The Navy's Newest Destroyer Is Named for the Marine Corps' Youngest Medal of Honor Recipient

The USS Jack H. Lucas in Tampa, Florida. (Department of Defense/EJ Hersom)

The Navy just added its newest Arleigh Burke-class, guided-missile destroyer to the fleet, the USS Jack H. Lucas. It's the first of the Flight III sub class of these surface vessels, which means it features a few upgrades and advancements from previous Arliegh Burke-class destroyers. It's also the first ship named for Jacklyn H. Lucas, who, at age 17, became the Marine Corps' youngest Medal of Honor recipient and the youngest recipient of World War II.

Erik Raven, under secretary of the Navy, delivered the Oct. 7 commissioning ceremony's principal address. Rep. Kathy Castor of Florida's 14th District; Adm. Daryl Caudle, the commander of U.S. Fleet Forces Command; and Sergeant Major of the Marine Corps Carlos Ruiz also delivered remarks. Ruby Lucas, widow of the ship's namesake, was on hand. Though it's the 73rd Arleigh Burke-class, guided-missile destroyer, it's the first warship named for Lucas.

When the Imperial Japanese Navy attacked Pearl Harbor in 1941, Jack Lucas was only 14 years old. He'd spent his early teenage years at the Edwards Military Academy in North Carolina, where he picked up his military discipline and excelled in athletics. Not only was he larger than the average 14-year-old, he looked older, too.

Pfc. Jack H. Lucas was born in 1928 and was 17 when he received the Medal of Honor. (Department of Defense)

In 1942, Lucas was eager to get into the fight. At 5 feet, 8 inches and 180 pounds, he could pass for an older teen, so he forged his mother's signature and joined the Marine Corps. When he arrived at Parris Island, South Carolina, he found he not only looked the part, but also excelled at combat arms. During basic training, he qualified as a sharpshooter and later became part of a heavy machine-gun crew.

The Marine Corps eventually discovered his true age, and by 1944, Lucas was sent to Hawaii to assume duties as a truck driver.

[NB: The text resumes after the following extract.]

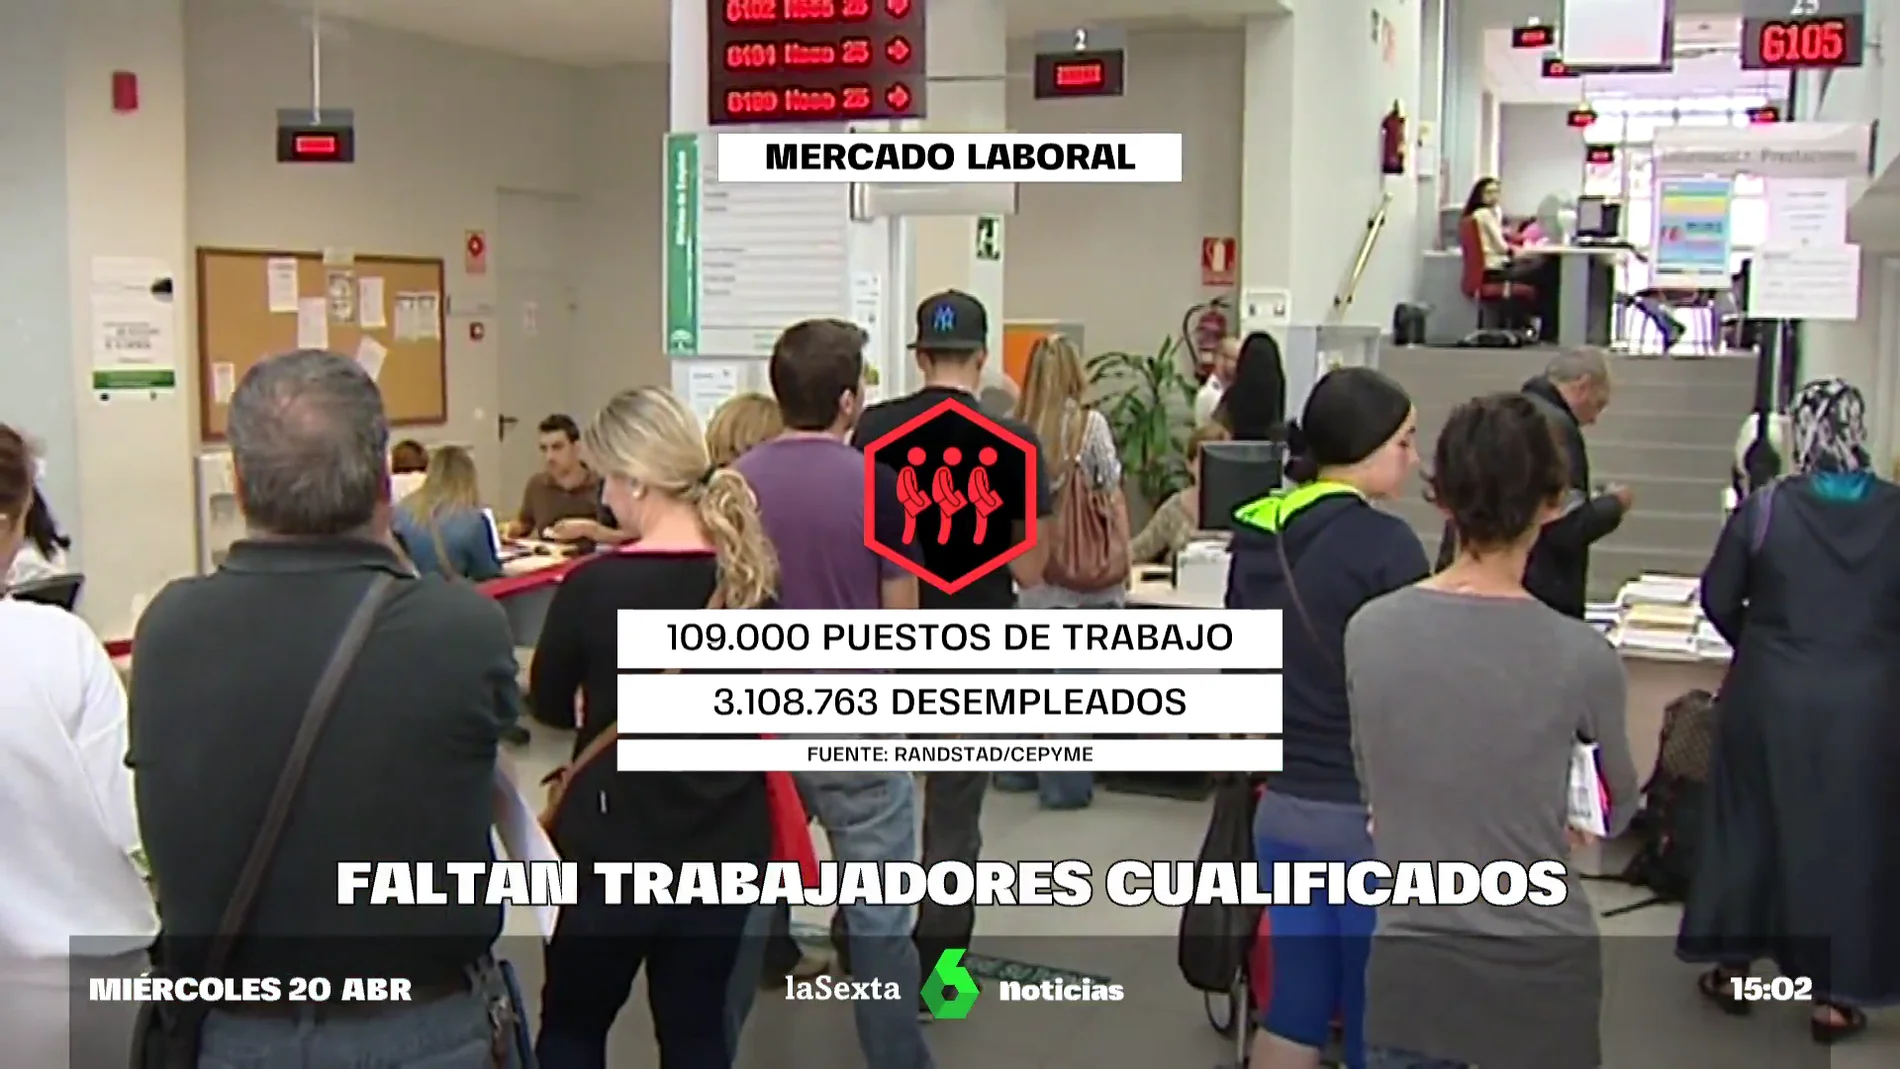  Faltan trabajadores cualificados: más de 109.000 empleos sin cubrir en España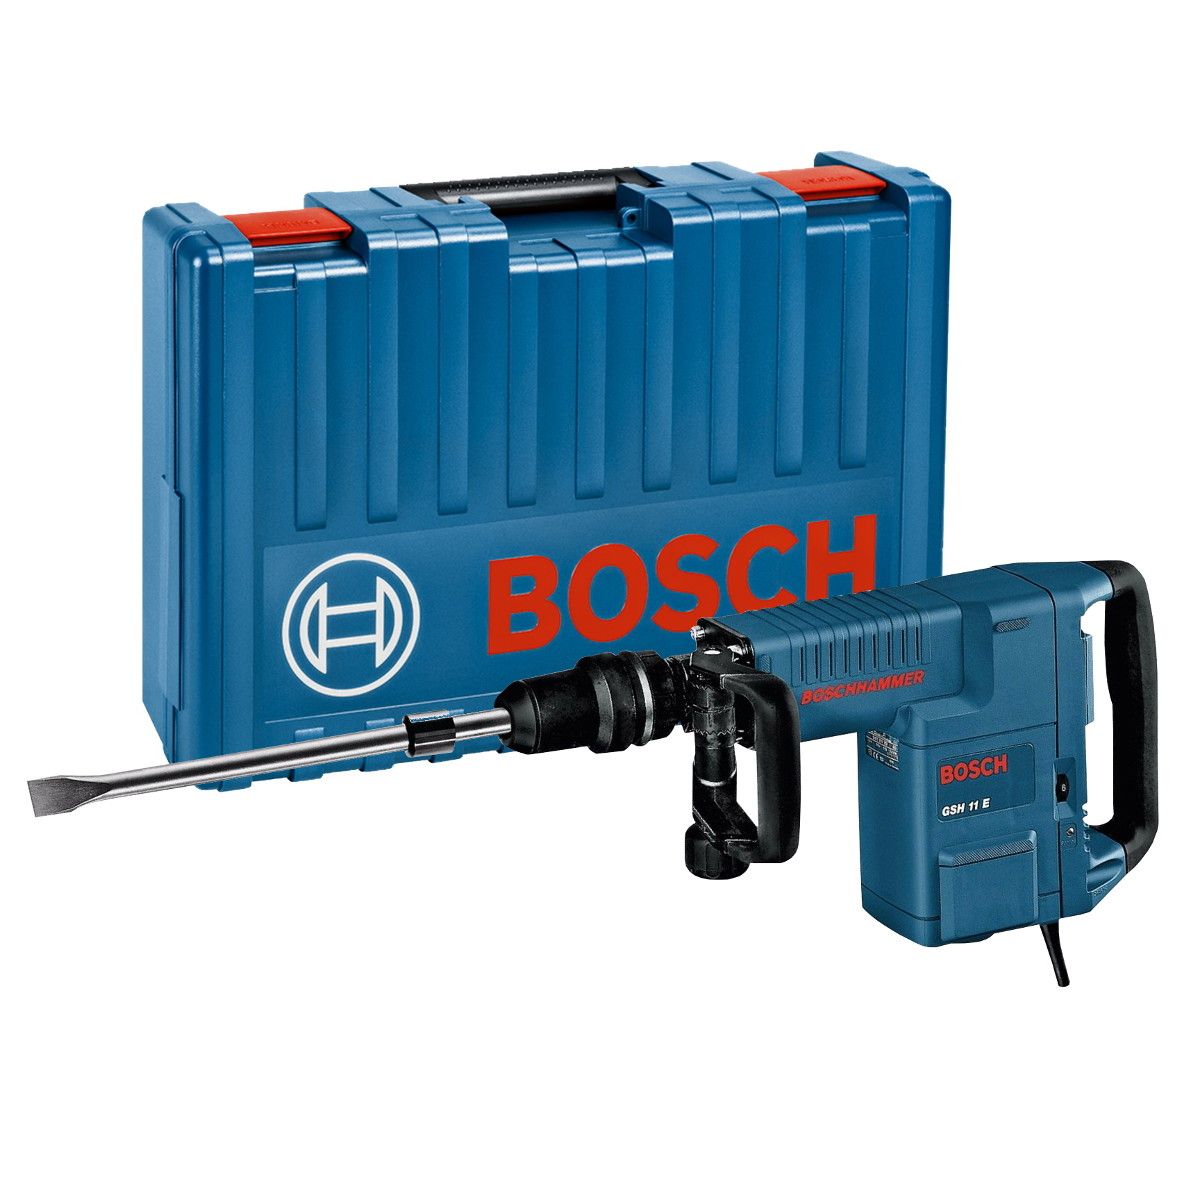 Bosch GSH 11 E SDS max breekhamer 16,8J in koffer

But he hadn't come that far to sit out the war driving trucks, and on Jan. 10, 1945, he rolled up his field dungarees and walked out of camp in Hawaii to stow away aboard the USS Deuel, which was ferrying the 1st Battalion, 26th Marines to Iwo Jima.

On Feb. 8, the day before he would be listed as a deserter, Lucas turned himself in as a stowaway to Capt. Robert Dunlap. His punishment for leaving his post was a demotion, but he would get the chance to fight the Japanese when he was officially transferred to Dunlap's rifle company.

Six days after turning himself in at sea, Lucas celebrated his 17th birthday. Five days after that, he landed on Iwo Jima.

Lucas's four-man fire team was advancing toward an airfield through a ravine on the island when they noticed one of the Japanese defenders' many hidden pillboxes. Taking cover in a trench, they exchanged small arms fire and grenades with 11 Japanese soldiers. The Japanese hurled two grenades into the Marines' trench. When Lucas saw them land in front of his comrades, he shouted, "Grenades," as he pushed a Marine out of the way and threw himself on top of one while scooping up the other.

When the first grenade exploded, it threw Lucas over onto his back and severely wounded the right side of his body, from his right arm down his chest and across his right leg. Luckily, the grenade he'd scooped up in his left hand didn't explode. He was conscious but didn't move, so his fellow Marines believed he was dead and left him to be picked up later. But Lucas didn't die, and the next Marine unit passing through the area called for a corpsman, who treated his wounds, killed an attacking Japanese soldier and carried Lucas to safety.

Lucas would undergo 26 surgeries to repair the damage from the Japanese grenade, but doctors could not remove all the metal from his body. He survived his wounds, and on Oct. 5, 1945, President Harry S. Truman presented Lucas with the Medal of Honor on the South Lawn of the White House.

Jack Lucas receives the Medal of Honor from President Harry S. Truman on Oct. 5, 1945. (Department of Defense)

More than 250 pieces of metal in his body were removed during surgeries. Despite how much was removed, there would be enough shrapnel inside him to set off airport metal detectors for the rest of his life. While Lucas never saw combat again, he would join the Army in 1961, become a paratrooper with the 82nd Airborne and train young troops for combat in Vietnam. He died in 2008 at age 80.

First launched in 1991, the Arleigh Burke-class destroyer is nearly twice as old as Jack Lucas was during the Battle of Iwo Jima in 1945, but its advanced Flight III systems include the latest AN/SPY-6(V)1 air and missile defense radar, the Aegis Baseline 10 combat system and upgrades to its electric power and cooling capacity.